Please CITE our paper whenever this repository is used to help produce published results or incorporated into other software.

@inproceedings{quangtruong2023@dd,
  title={Dataset Diffusion: Diffusion-based Synthetic Dataset Generation for Pixel-Level Semantic Segmentation},
  author={Quang Ho Nguyen, Truong Vu, Anh Tran, Khoi Nguyen},
  year={2023},
  booktitle={Thirty-Seventh Conference on Neural Information Processing Systems},
}

Requirements

  • OS: we recommend Linux for performance and compatibility reasons.
  • 64-bit Python ≥ 3.8
  • PyTorch ≥ 1.10 and torchvision that matches the PYTorch installation.

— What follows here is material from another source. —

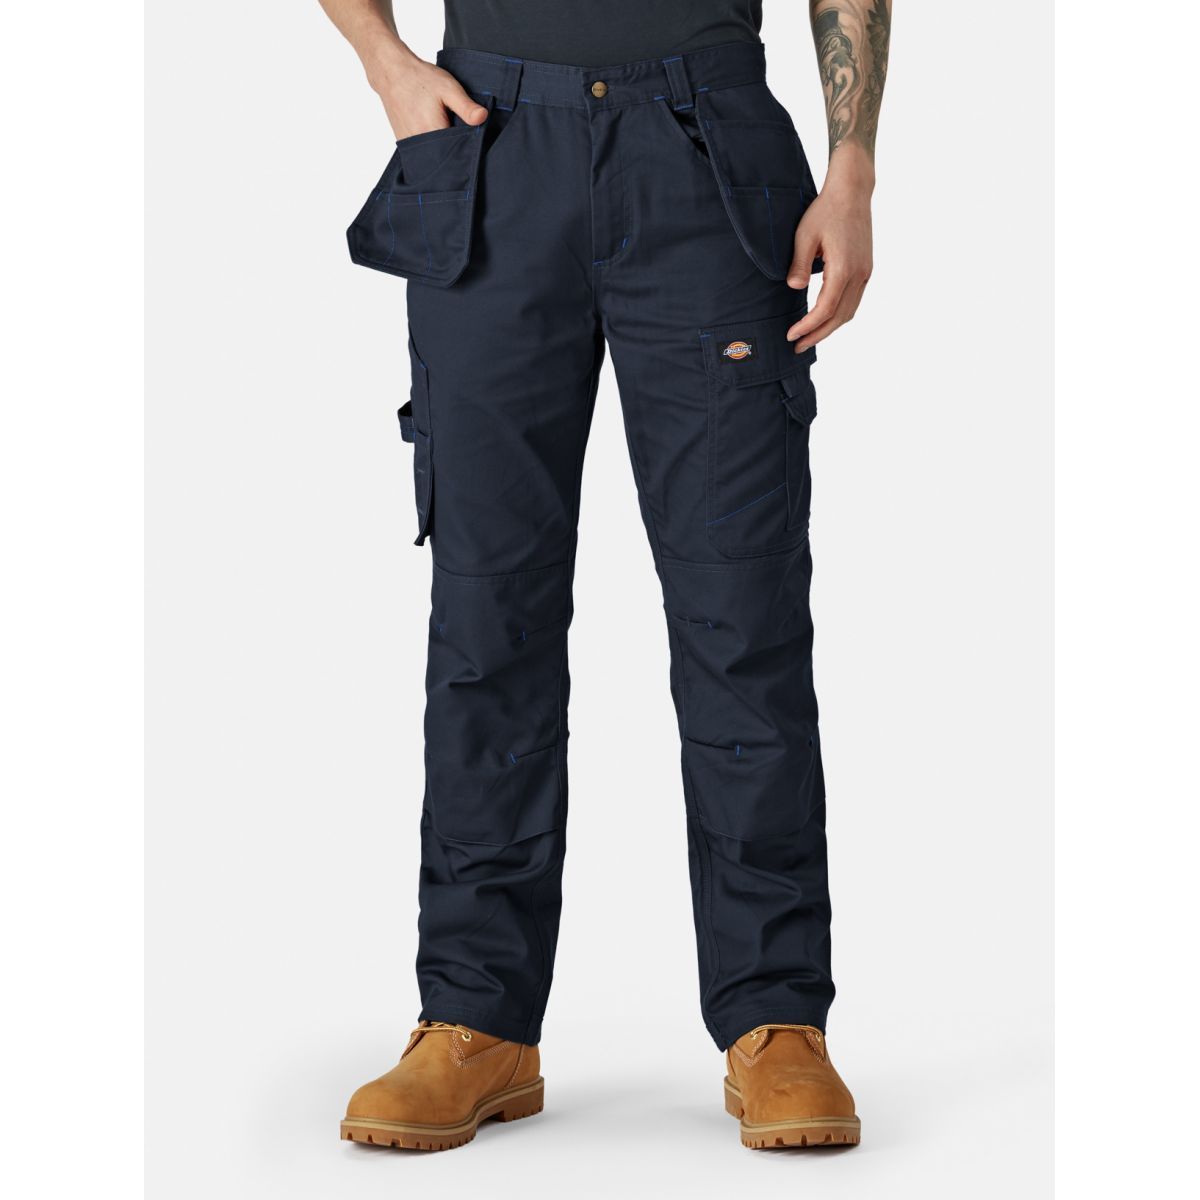 Pantalon Redhawk Pro Bleu marine - Dickies - Taille 44 0

Follow official instruction
  • HuggingFace installations: diffusers, transformers, safetensors
  • pip install --user -U nltk

Please refer to INSTALL.md for installations of MMCV and datasets preparation.

Usage: Command lines

Generating synthetic data

  • To generate synthetic dataset with VOC classes, run
sh scripts/gen_data_voc.sh

The dataset will be saved to data/gen_voc by default.

  • To generate synthetic dataset with COCO classes, run
sh scripts/gen_data_coco.sh

The dataset will be saved to data/gen_coco by default.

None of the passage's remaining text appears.